Introduction

Sleep disturbance and cognitive impairment are prevalent among dialysis patients, and both conditions have important implications for patients’ quality of life [16]. Individuals who report sleep difficulty may experience fragmented, nonrestorative sleep, and studies conducted in the general population indicate that sleep fragmentation is detrimental for cognitive functioning [711]. For example, an investigation of insomnia and cognitive status among a large cohort of older community residents who participated in the Established Populations for Epidemiologic Studies of the Elderly (EPESE) found that chronic insomnia independently predicted cognitive decline among older community dwelling persons [7].
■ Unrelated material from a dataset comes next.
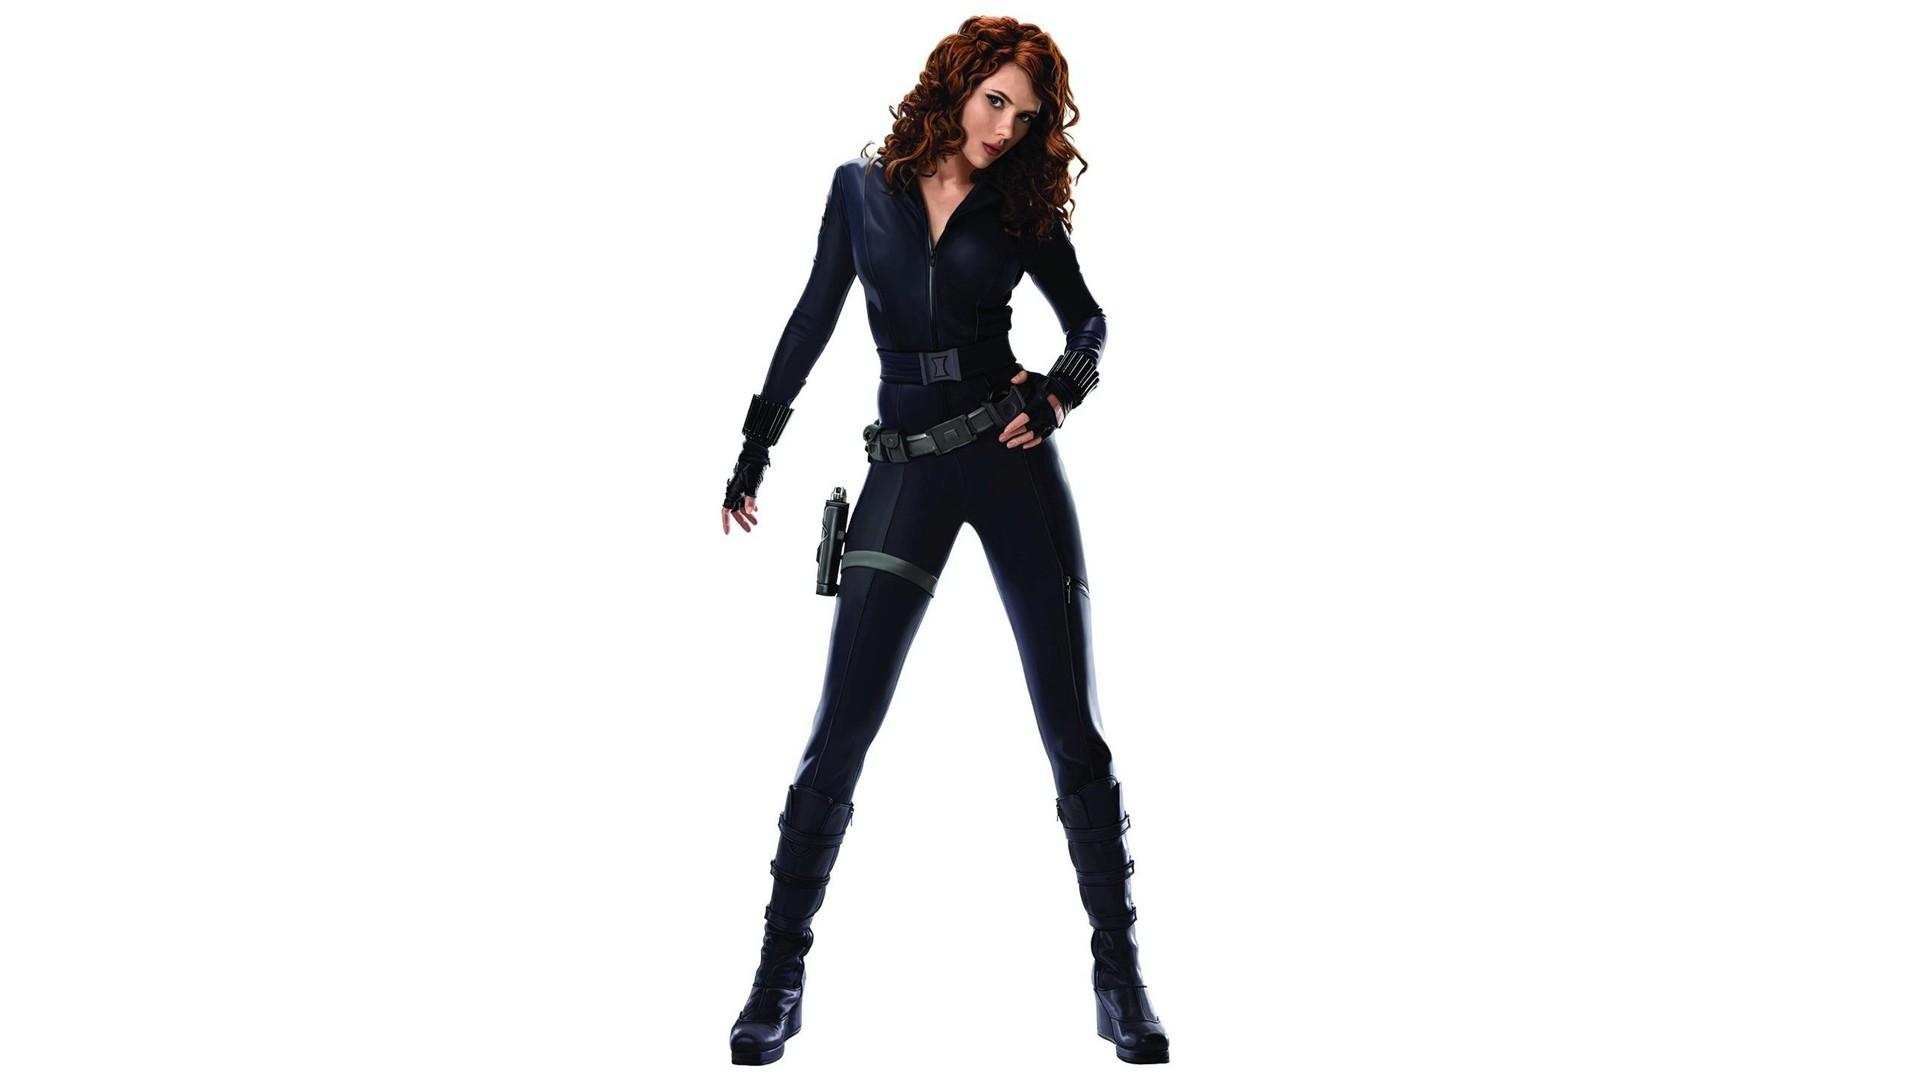 Johansson women actresses redheads Black Widow curly hair Iron Man 2 1920x1080
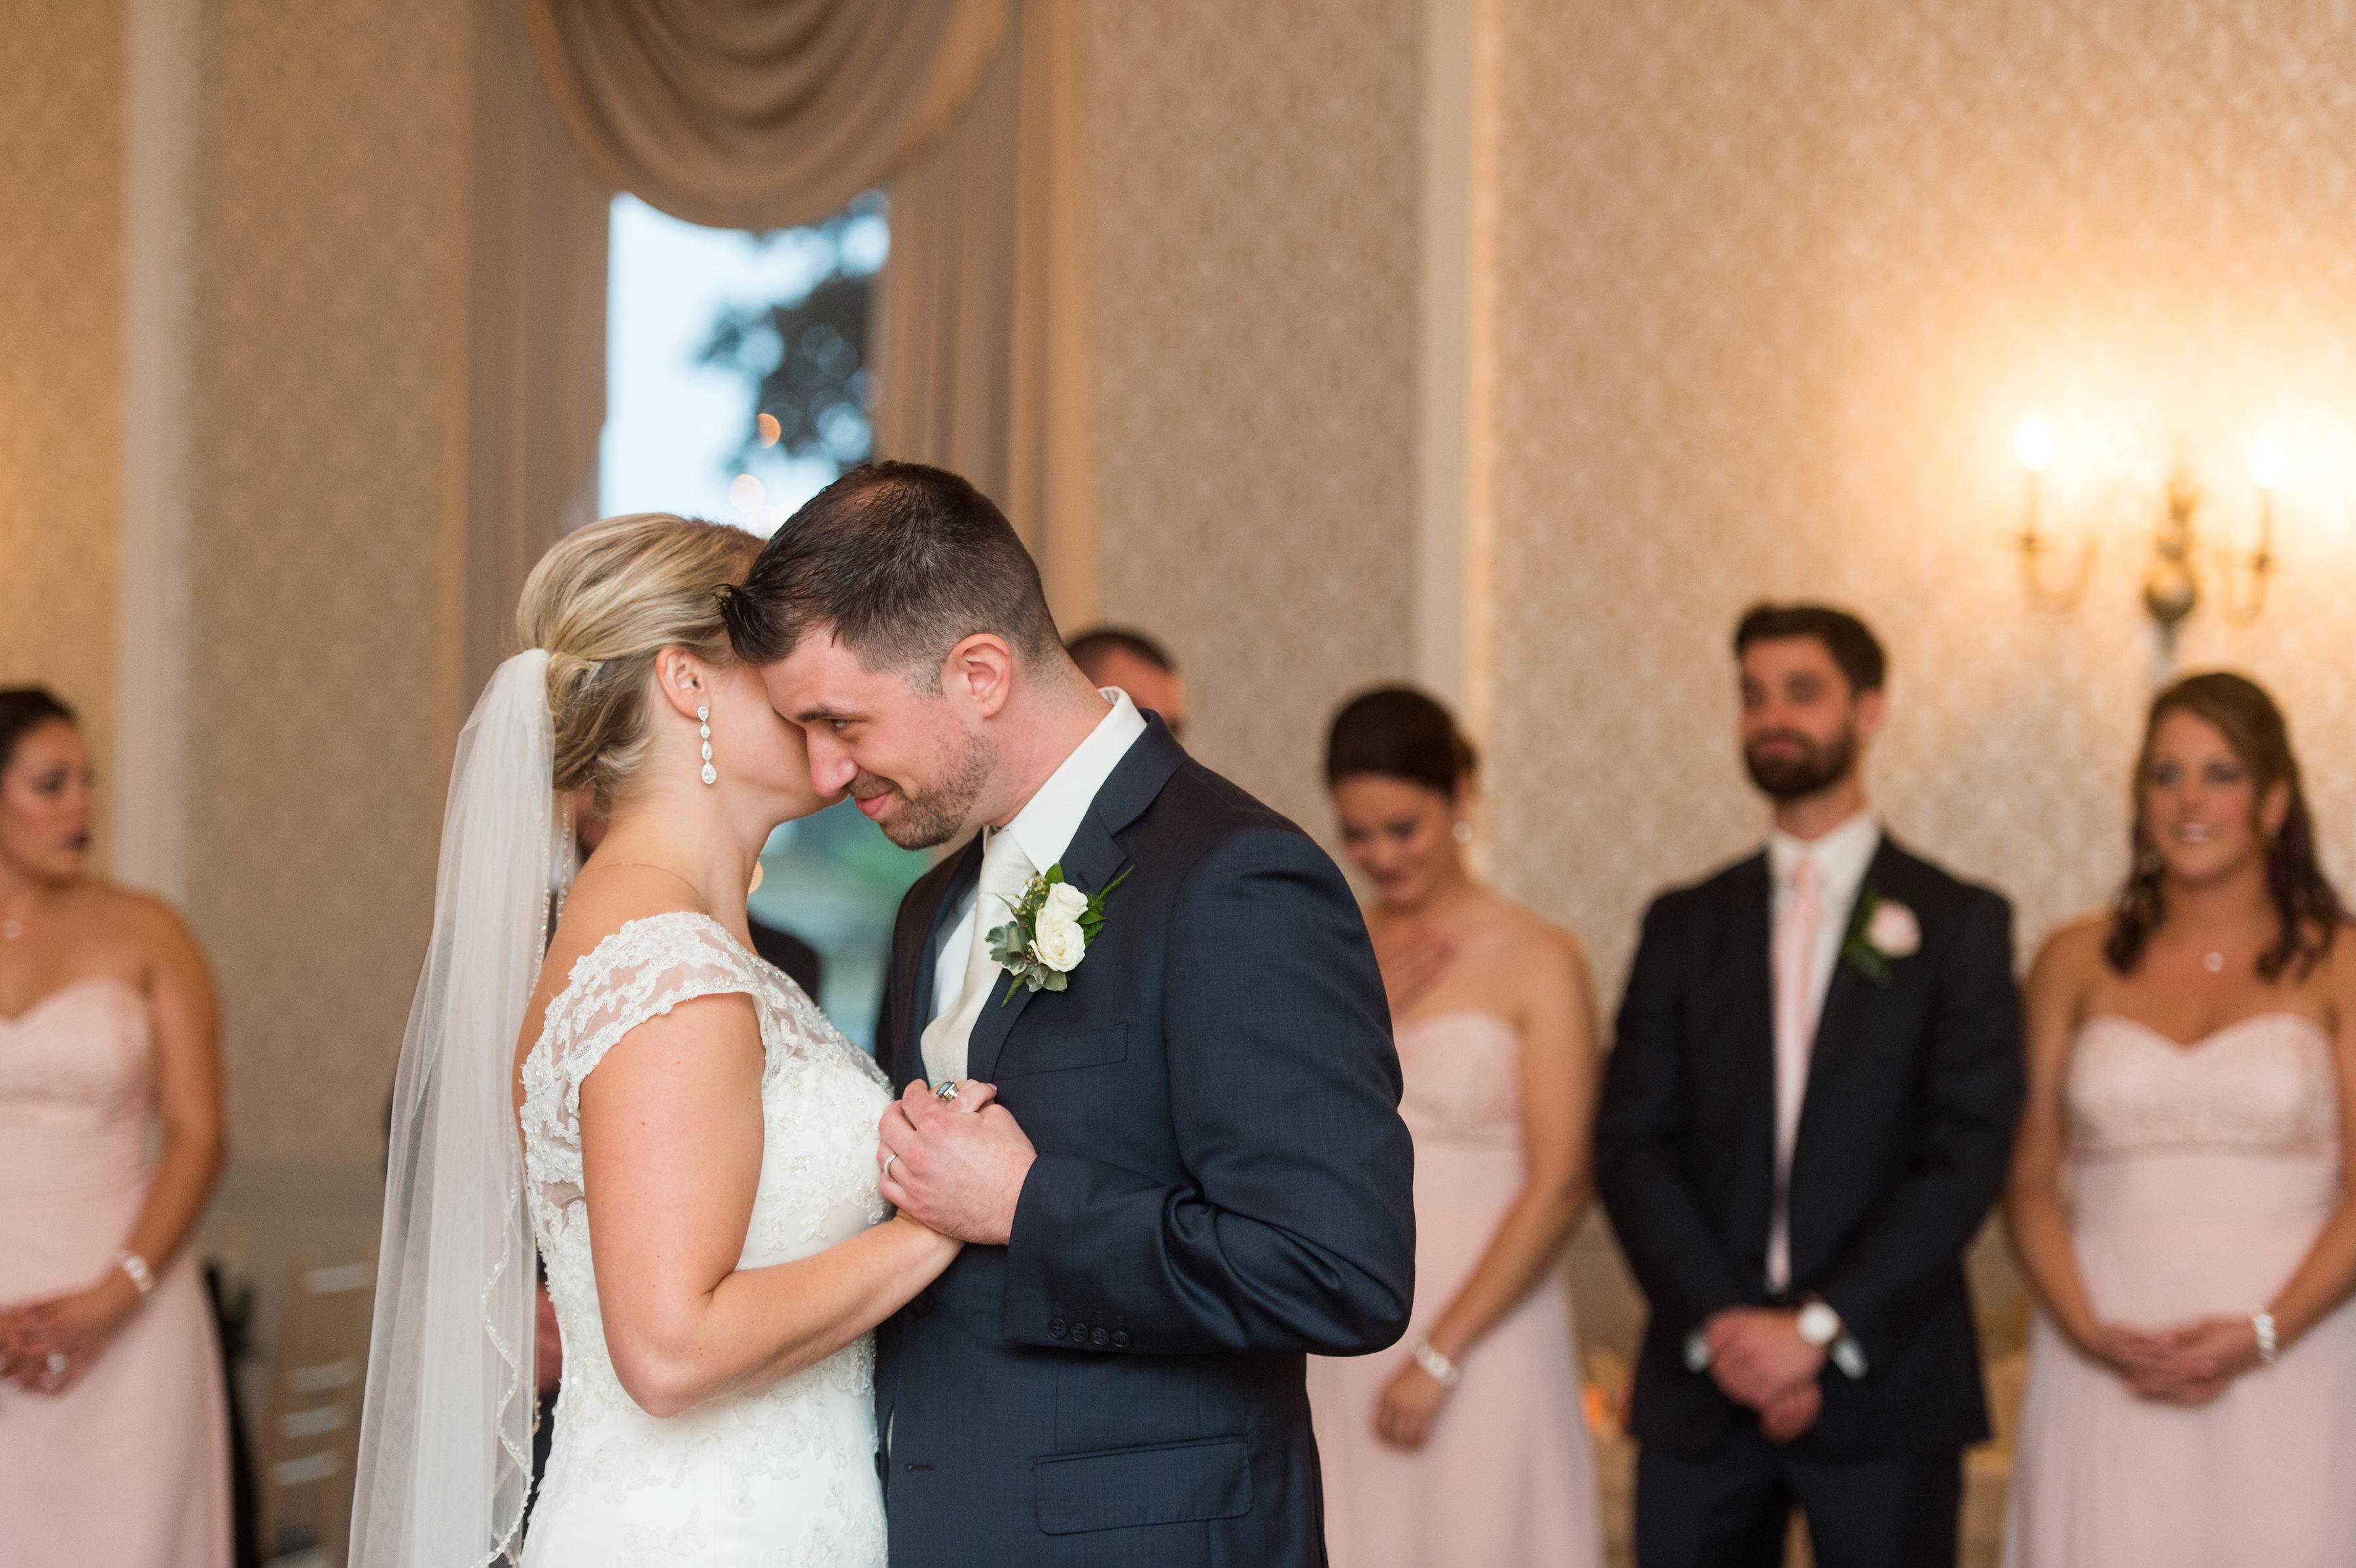 allegra_anderson_photography_ct_wedding_photographer_farmington_club_699

Very little attention has been given to the possible association between sleep disturbance and cognitive function among dialysis patients. Williams et al. found that hemodialysis (HD) patients who reported a series of sleep difficulties also reported having more frequent problems with their perception and memory [12]. We found an association between sleep difficulty and cognitive function scores reported at the start of dialysis by a national cohort of patients who participated in the baseline phase of the Dialysis Morbidity and Mortality Study (DMMS) Wave 2 [13]. To date, however, there have been no published studies of dialysis patients that have investigated the potential association of sleep difficulty and cognitive function over time in this patient group.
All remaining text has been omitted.